SUPPLIED MATERIAL below:

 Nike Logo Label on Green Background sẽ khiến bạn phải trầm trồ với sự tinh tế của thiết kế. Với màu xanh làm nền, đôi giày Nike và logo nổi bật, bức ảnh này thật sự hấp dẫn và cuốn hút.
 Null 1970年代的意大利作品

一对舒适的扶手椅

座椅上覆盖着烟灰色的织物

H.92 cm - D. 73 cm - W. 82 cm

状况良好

End of SUPPLIED MATERIAL.
SUPPLIED MATERIAL below:

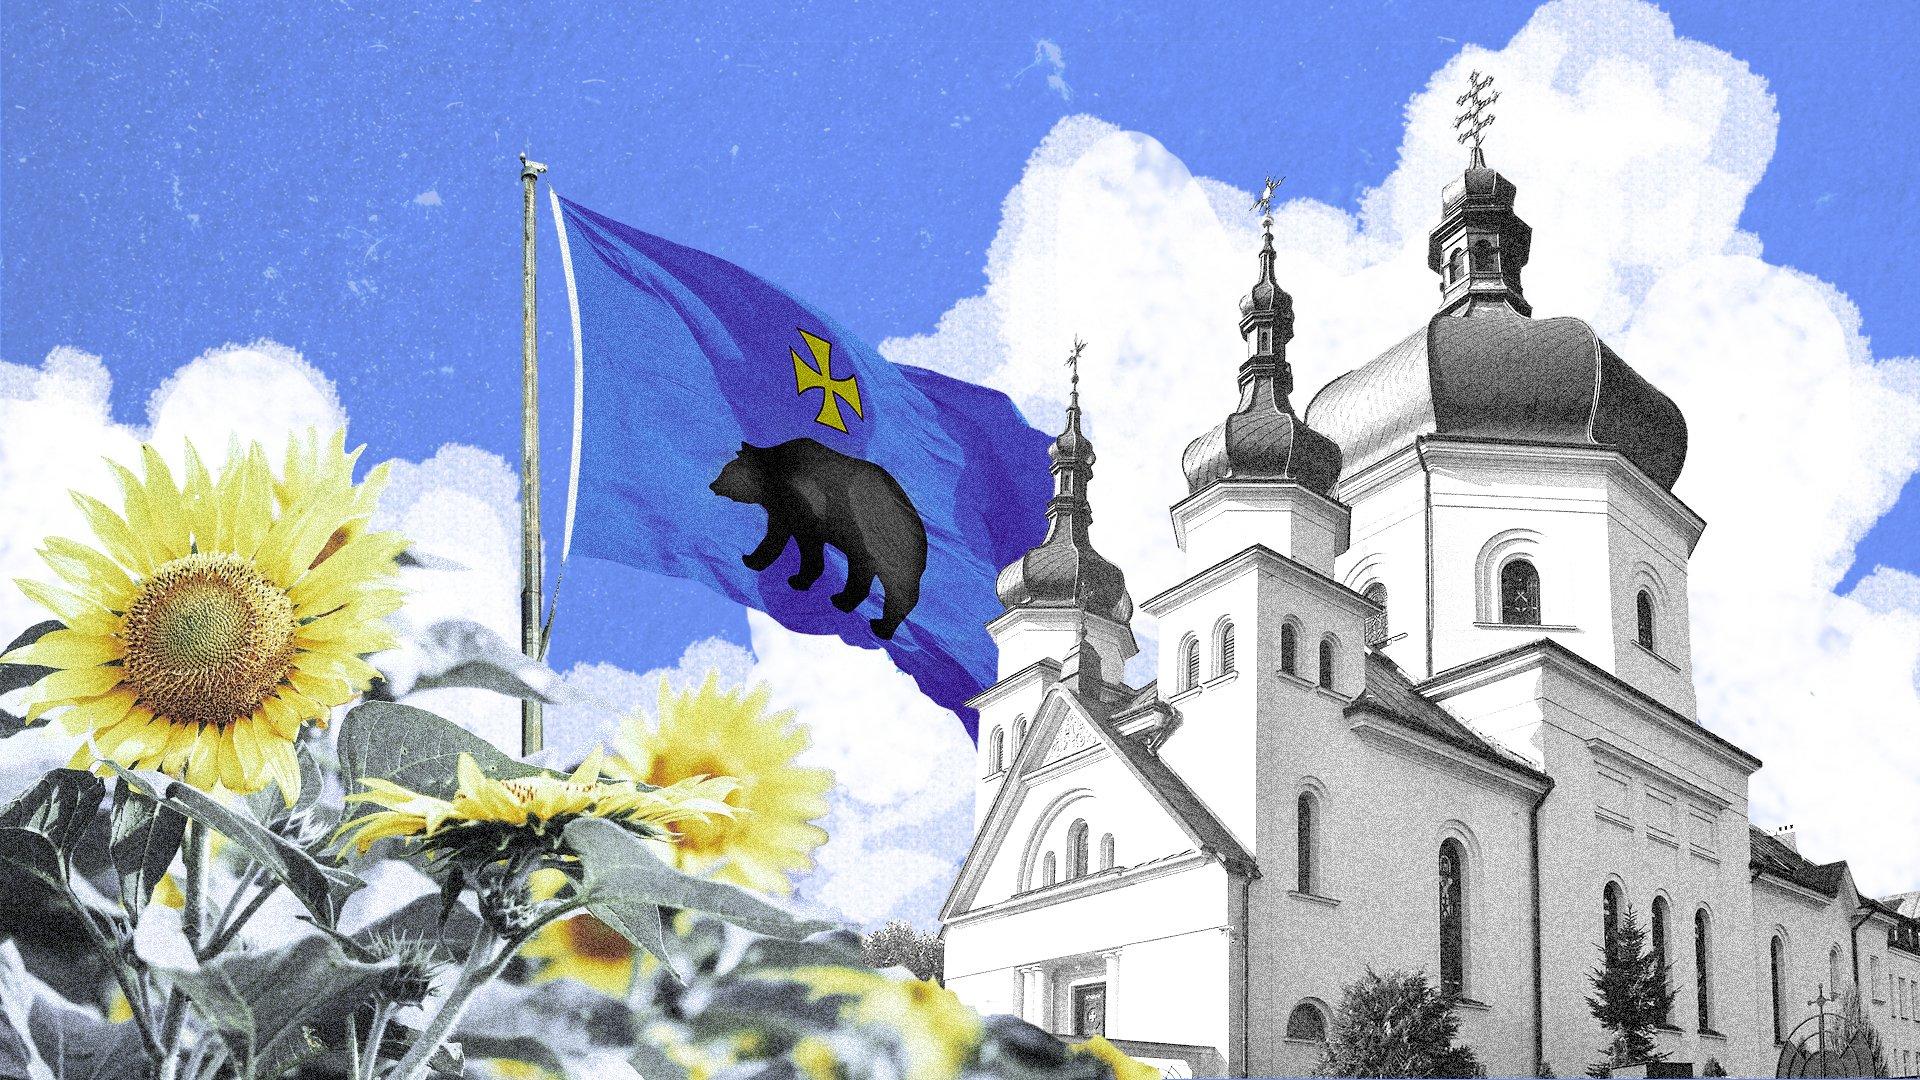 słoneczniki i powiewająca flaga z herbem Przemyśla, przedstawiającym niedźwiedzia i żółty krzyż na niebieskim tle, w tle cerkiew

End of SUPPLIED MATERIAL.

* [PROBLEM REQUIREMENTS]
All lines above from the line with "Nike Logo Label" through the line with "座椅上覆盖着烟灰色的织物", both included, are to be set down exactly, with nothing else.

* [WRITTEN SOLUTION]
 Nike Logo Label on Green Background sẽ khiến bạn phải trầm trồ với sự tinh tế của thiết kế. Với màu xanh làm nền, đôi giày Nike và logo nổi bật, bức ảnh này thật sự hấp dẫn và cuốn hút.
 Null 1970年代的意大利作品

一对舒适的扶手椅

座椅上覆盖着烟灰色的织物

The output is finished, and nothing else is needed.